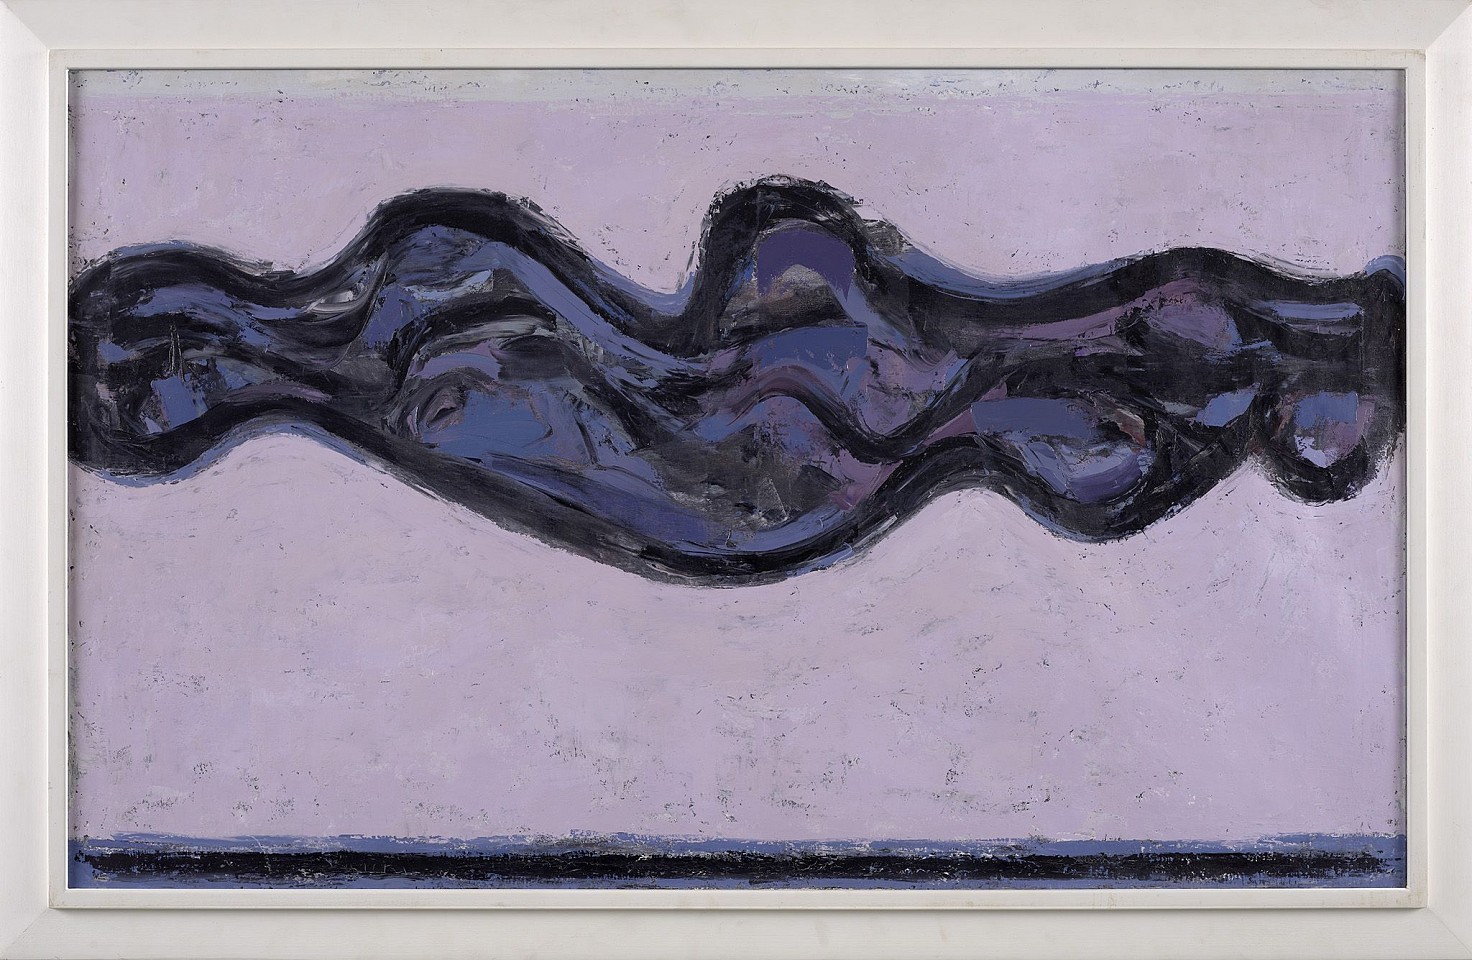 Raymond Hendler, Nude Superior (No.8), 1957
Oil on canvas, 29 x 47 in. (73.7 x 119.4 cm)
HEN-00017
##############################
• Exercise requirements
Give back all the material exactly, with no pictures.

• Response to the task
 Raymond Hendler, Nude Superior (No.8), 1957
Oil on canvas, 29 x 47 in. (73.7 x 119.4 cm)
HEN-00017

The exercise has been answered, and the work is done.